J’ai pu constater que les adolescents arrêtés pour ILS sont souvent les plus ingénus, relégués en bout de chaîne et sans responsabilités. En ce qui concerne les mineurs, les procédures pénales, qui représentent environ 5% de la totalité des poursuites, ne débouchent jamais sur le démantèlement de réseaux. Certes pour les majeurs, la situation est différente : grâce à un très gros investissement d’une police spécialisée, des procédures concernant des bandes organisées sont ouvertes chez les juges d’instruction qui débouchent sur des procès fleuves au cours desquels des dizaines d’années de prison sont prononcées. Mais tout ceci ne représente qu’une goutte d’eau par rapport à l’ampleur des trafics installés dans les cités et qui font vivre des familles entières touchées par la précarité.
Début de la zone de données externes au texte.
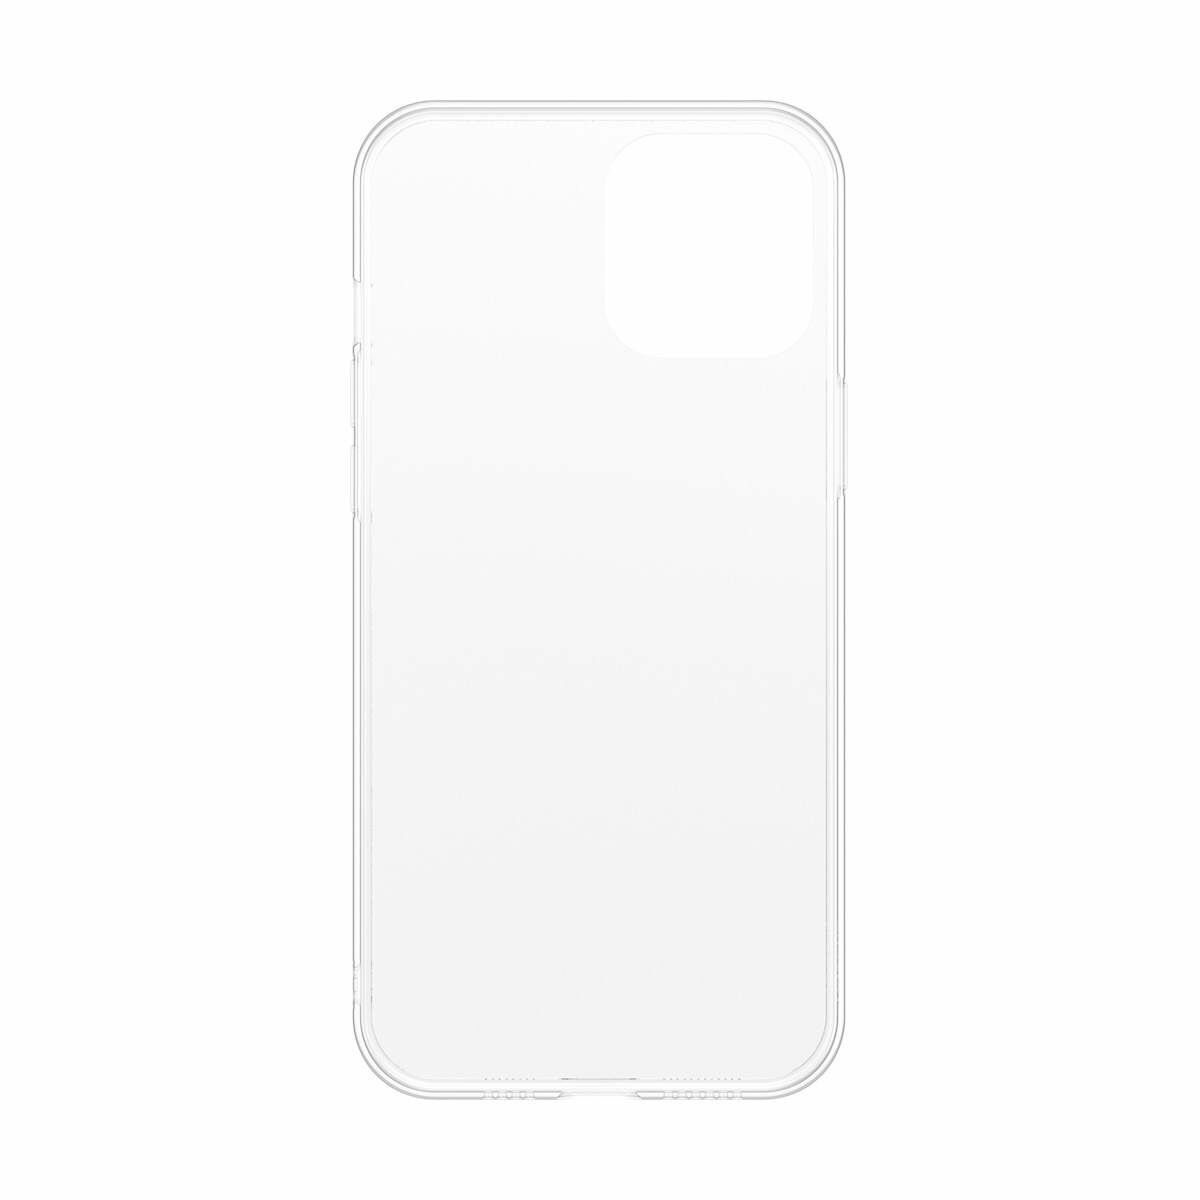 Kép 2/11 - Baseus iPhone 12/12 Pro tok, Frosted Glass, fehér (WIAPIPH61P-WS02)

La loi sur les peines-plancher (10 août 2007) a eu beau renforcer les peines très lourdes déjà prévues à l’origine par la loi du 31 décembre 1970, rien n’arrête ce juteux trafic qui, de plus, devient dangereux en raison de l’utilisation mal maîtrisée d’armes de guerre par des bandes rivales, comme on le constate, hélas, à Marseille… Il me paraît évident que la justice a échoué dans la guerre contre la drogue malgré un arsenal pénal impressionnant qui remplit les prisons de dealers mais qui n’empêche pas les trafics de perdurer dans les banlieues et de devenir de plus en plus violents. Par ailleurs, la santé des millions de jeunes usagers de drogue n’est absolument pas prise en compte actuellement…
On ne pourra faire reculer ce fléau que par une véritable révolution sociale, éducative et culturelle dans les cités, susceptible de faire reculer le sentiment d’exclusion des jeunes à l’école et sur le marché de l’emploi et de leur donner l’espoir d’un avenir plus prometteur. Mais il convient aussi d’envisager sérieusement d’autres voies comme la légalisation de la vente de la drogue qui permettrait de réduire le pouvoir de la criminalité organisée et de mieux protéger la santé et la sécurité des citoyens par le contrôle de la délivrance des produits, de leur composition, des conditions d’accès et par l’intervention étatique sur les prix des produits et les volumes en circulation. Pourquoi ne pas essayer ?
Christine Bartolomei est magistrate honoraire, ancienne juge des enfants et présidente du Tribunal pour enfants de Marseille (de 2000 à 2010), membre du conseil scientifique de l’Observatoire régional de la délinquance et des contextes sociaux dirigé par Laurent Mucchielli.